Data for analysis =

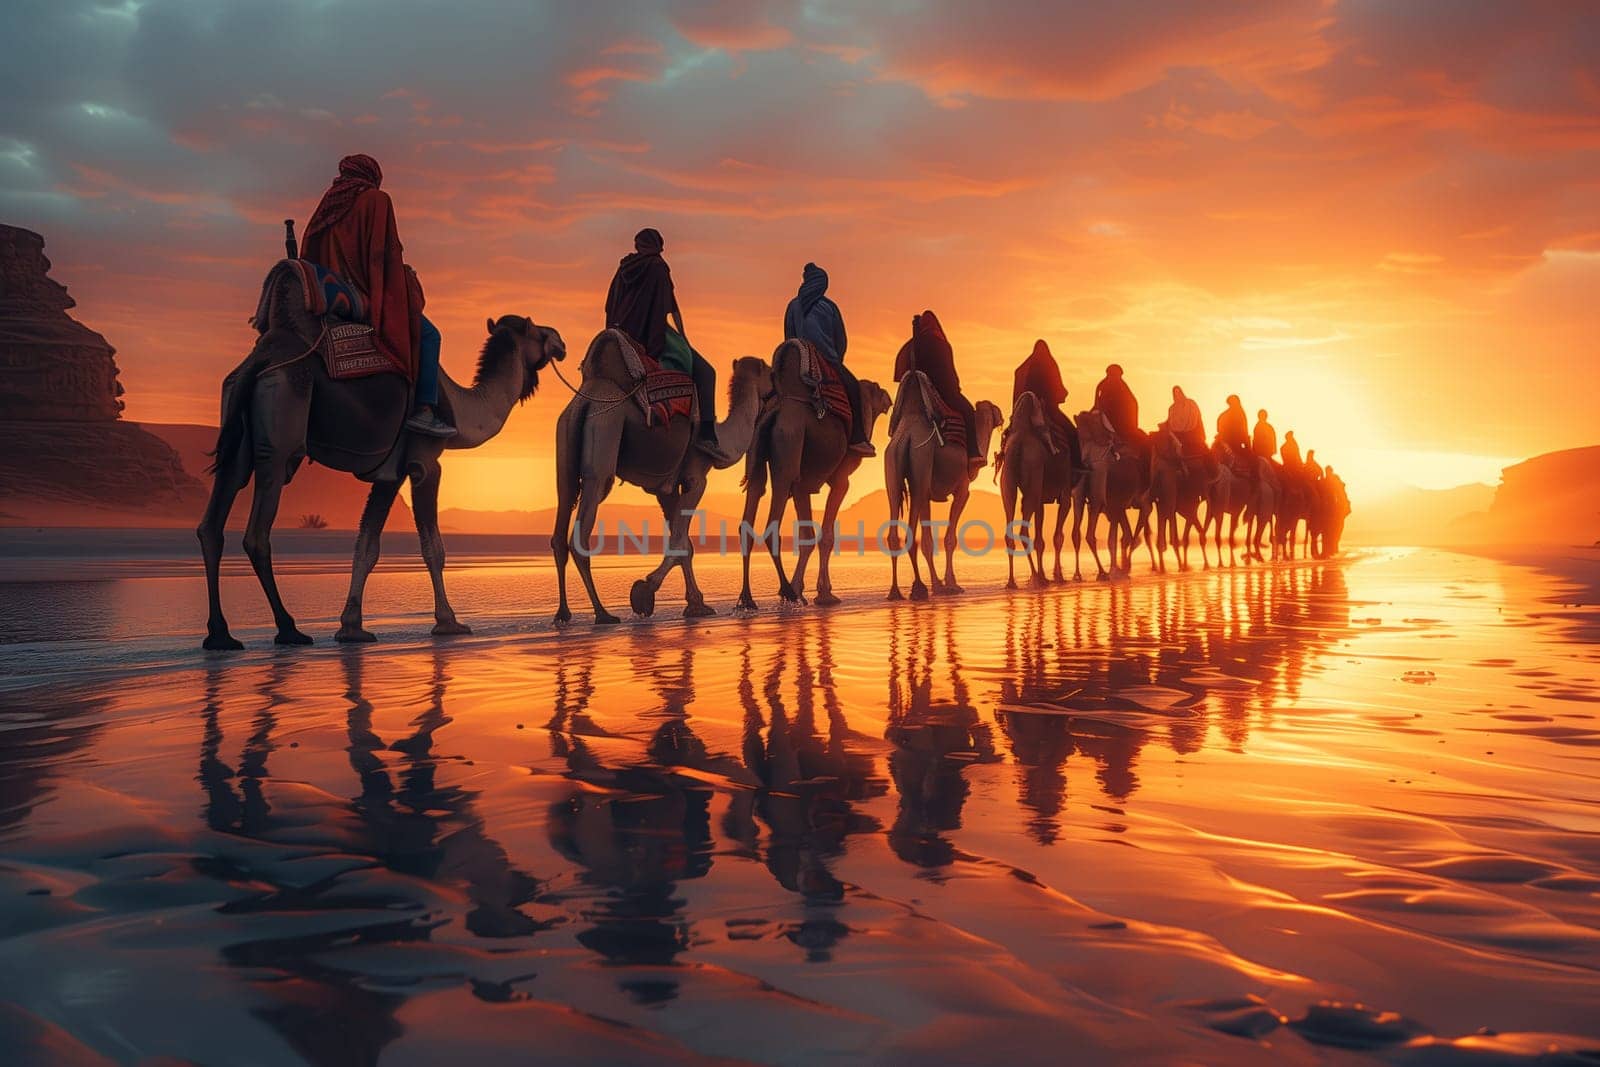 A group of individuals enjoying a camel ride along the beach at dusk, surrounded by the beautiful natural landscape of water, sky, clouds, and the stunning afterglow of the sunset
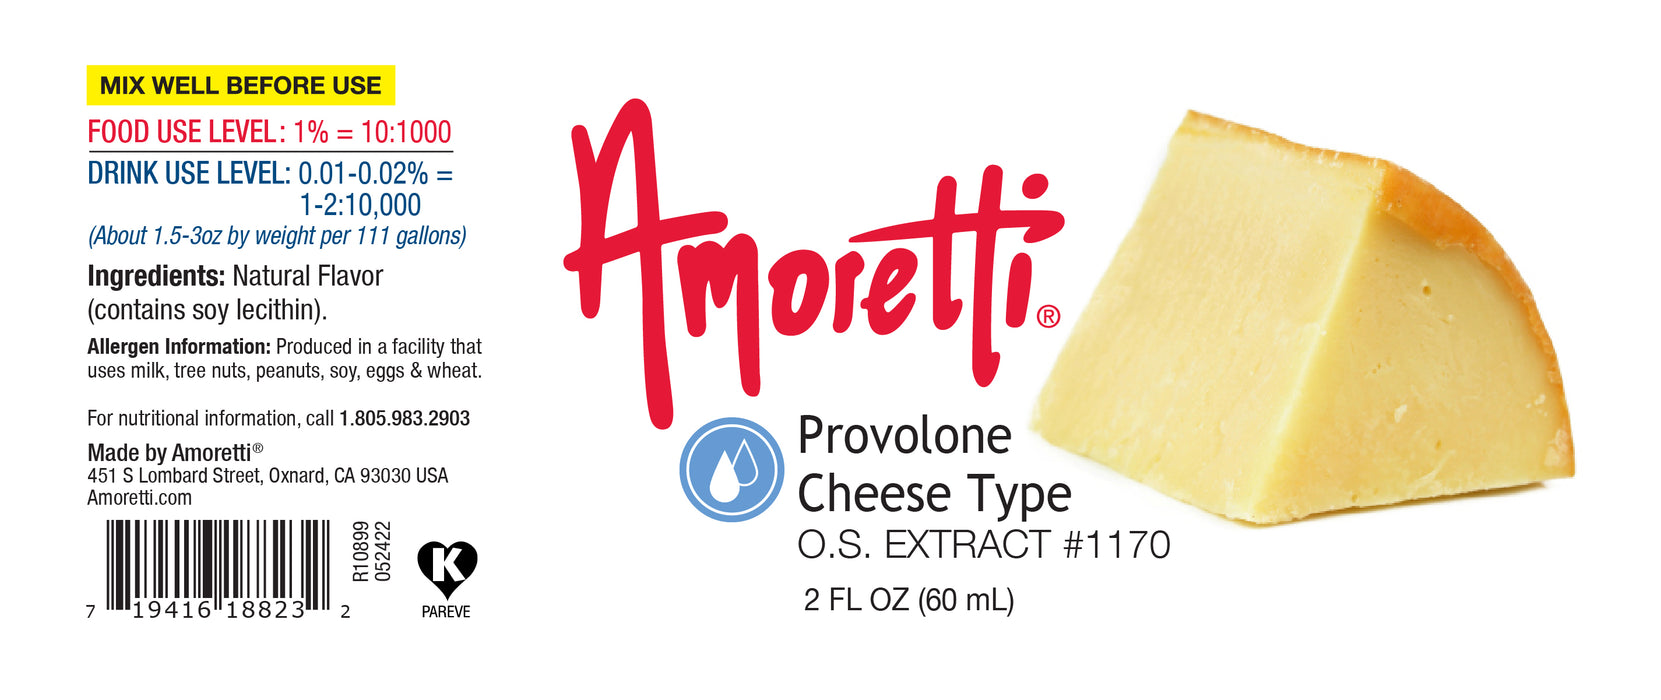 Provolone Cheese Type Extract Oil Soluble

--

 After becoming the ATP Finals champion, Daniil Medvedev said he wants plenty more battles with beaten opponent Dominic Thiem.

What you are asked to do = Each line above from the one containing "A group of individuals" through the one containing "Provolone Cheese Type Extract Oil Soluble" is to be returned verbatim. Nothing else, and no pictures.

Completed exercise =
 A group of individuals enjoying a camel ride along the beach at dusk, surrounded by the beautiful natural landscape of water, sky, clouds, and the stunning afterglow of the sunset
 Provolone Cheese Type Extract Oil Soluble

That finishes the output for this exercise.